Sunday, October 3, 2010

Jesus H. Corbett, I mean Christ!

I wanted to kick off this blog by recounting a yarn from my childhood that has stuck with me and now when I recall it, thoroughly irks me.

When I was 10 years old, I had a teacher who I had a lot of time for. How much of this was down to her rather than the fact that the guy she replaced was a truculent so-and-so I'm not sure, but she was definitely amiable enough. (As an aside, I once bumped into her predecessor one night after school in the town library - my Dad came over and I didn't think to introduce him, leading my dad to the assumption as I later found out, that he was a nonce looking to pick up an unsuspecting youngster playing 'Granny's Garden on the BBC Micro).

For the sake of this post, I'll call her Mrs. Green. And I'll never forget what she said during a religious education lesson one afternoon. These were the exact words as I recall: "We know that Jesus existed, because of reports in newspapers that existed at the time." Pretty compelling to a class of 10-year-olds, yes?

It's only in retrospect you can see what a statement of abject idiocy that was. It's no exaggeration to say I feel cheated...if the people trusted with my education could come out with such risible nonsense on that occasion, what other gibberish did they feed us? However much you dislike teachers as a kid, you do tend to have a grudging respect for them on the basis that you think they are fountains of all knowledge. Then the great disillusionment!

Now, either Mrs Green was ill informed, or she was shamelessly teaching us utter fiction. I have to confess I have no idea which it was, but you would like to have think she would have checked her facts. Because there isn't a shred of evidence for the existence of Jesus as a genuine historical figure. Not an iota. Neither were there 'newspapers' as we understand them in a contemporary sense - and even if there were, they would long have disintegrated after two millennia. What did exist in the Roman Empire were 'bulletins' carved out of metal or stone, and you would think that the deeds attributed to Christ might have warranted a mention. Again, nothing. The one artifact that is consistent with the stories of Jesus's life - and death - has been exposed as an amateurish fraud by modern science.

There may have been a Jesus of course, but certainly not the one depicted in the New Testament (written well after his supposed death). Even if there was though, it is pure conjecture.

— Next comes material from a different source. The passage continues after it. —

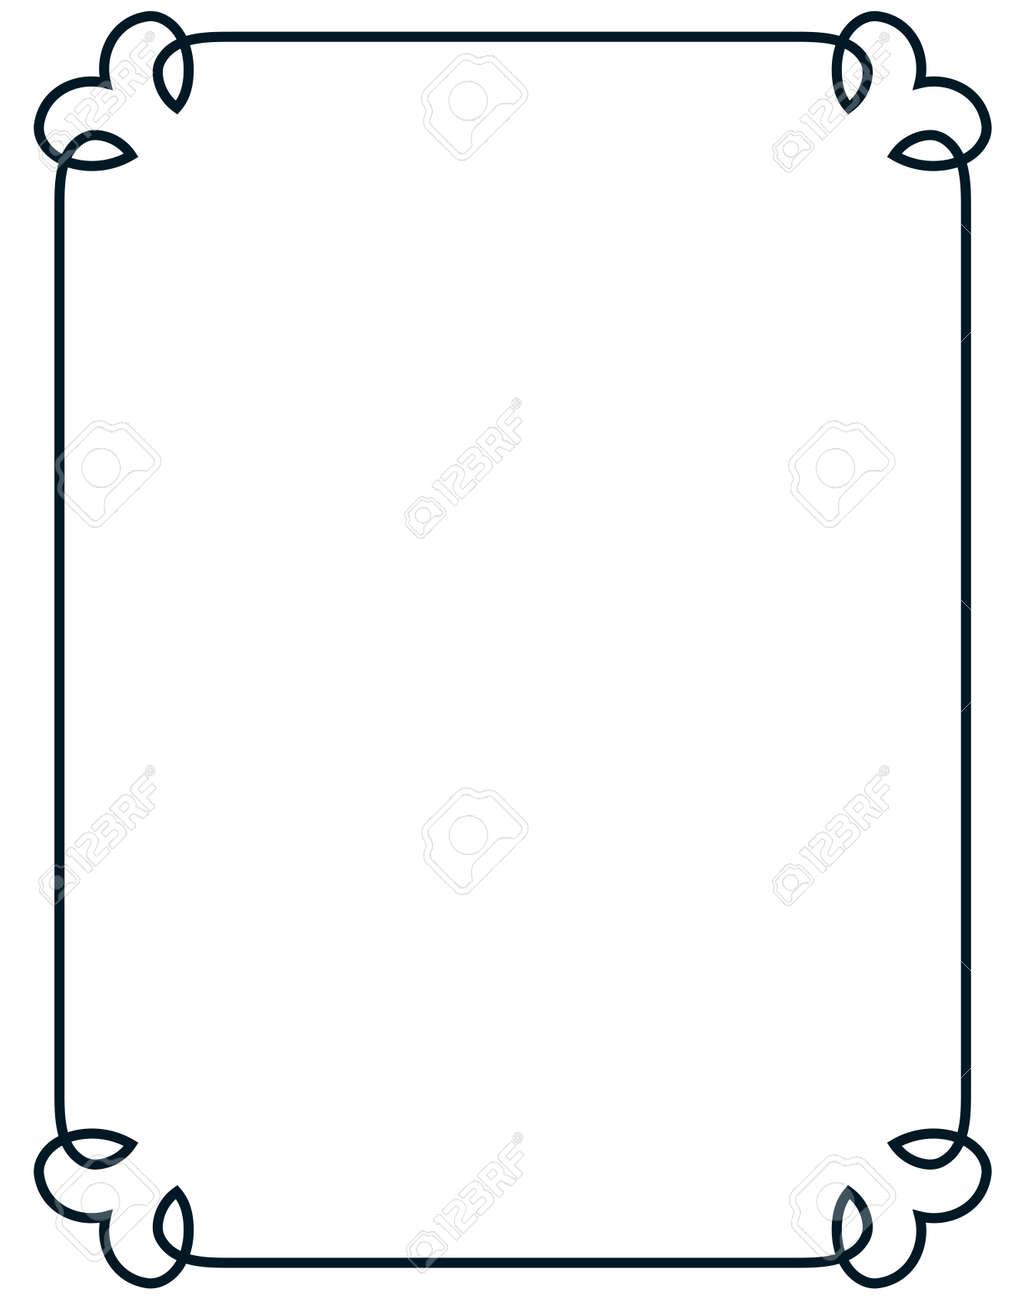 border frame line deco vector label simple royalty free cliparts rh 123rf com art deco vector art art deco frames vectors
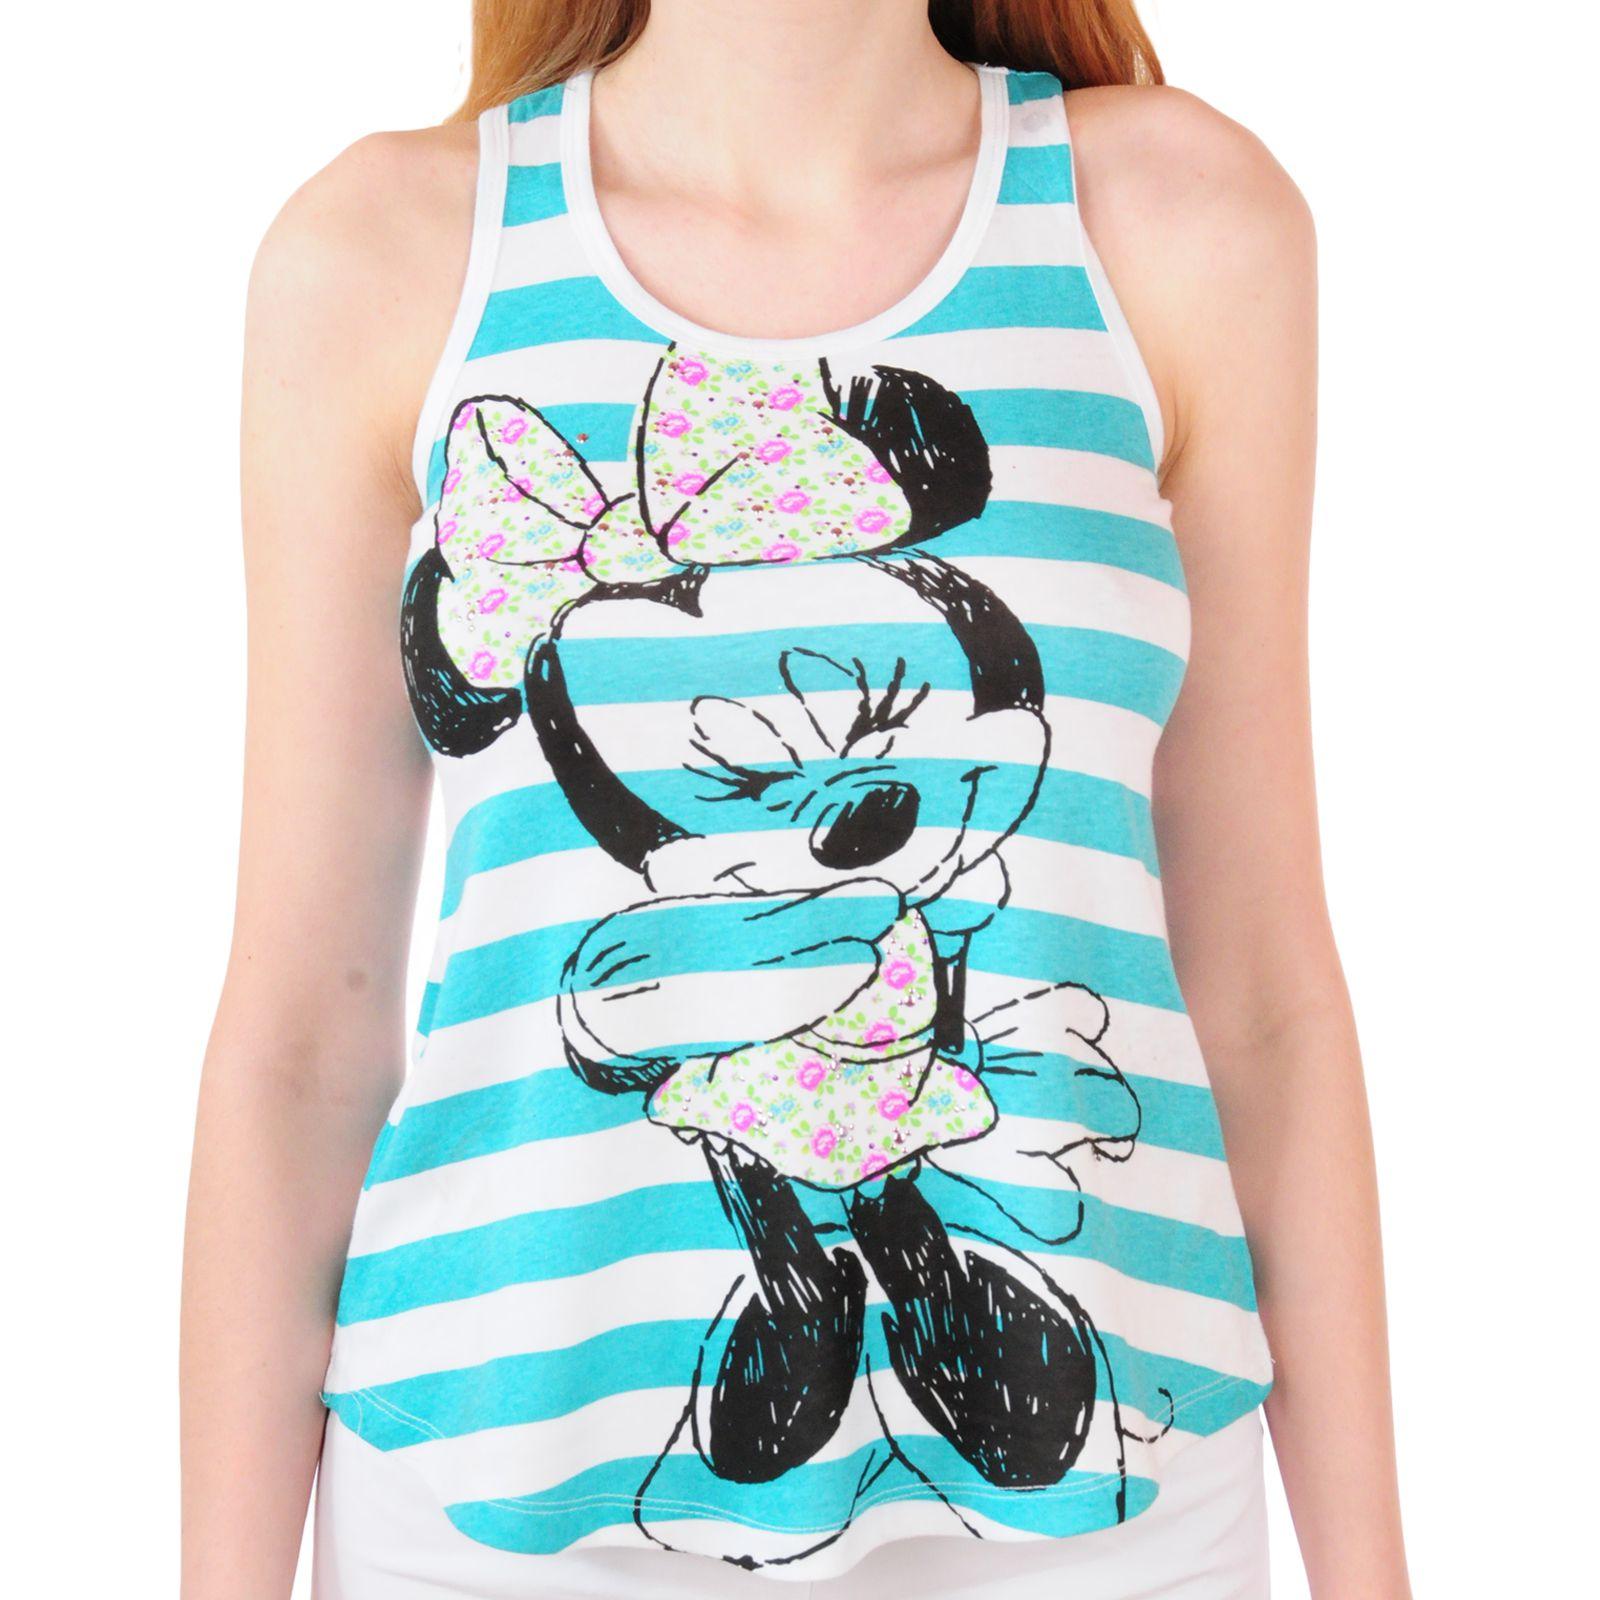 Забавная майка Disney Store для девушек

Anyway, the point of all this is that we were being brainwashed. Deep down, I knew the concept of Jesus and God was ludicrous when I was 10. I was passionate about astronomy and pre-history, clearly disciplines which did not square with the bible's version of events. Added to which, by age 10 we were being taught not to rely on hearsay, groundless assumption and wild conjecture.

We were encouraged to find evidence to back up our claims, to think logically and to shed puerile beliefs in fairies, Father Christmas, ghosts and the like. Yet the religious education we received (no opt-out in those days!) ran contrary to everything else we were being taught. A man could rise from the dead, walk on water, turn water into wine. Our gut instincts were telling us it was nothing short of fantastic - but if our teachers were telling us that's what happened, then that's what happened. Besides, at that tender age you still want to believe that the impossible is possible - it is a bulwark against the dawning realisation that the world is a harsh place. That's comforting for a child.

It took a long time for the penny to drop with me at a conscious level that religion, in all its many forms, is contemptible nonsense. I don't lay all the blame for that at the door of Mrs Green, I just wasn't very quick on the uptake as my family certainly didn't force Christianity down my throat. Possibly I felt that to renounce Christianity was to be unpatriotic. Just think though, about how many times of magnitude greater the levels of indoctrination into outmoded dogma are in other parts of the world. Young, impressionable minds are being moulded with harmful lies at a critical time when humanity needs to lean on science and reason if we are to survive and thrive.

Religion no longer serves any useful purpose. It's a house of cards just waiting to be toppled. It can, must be done.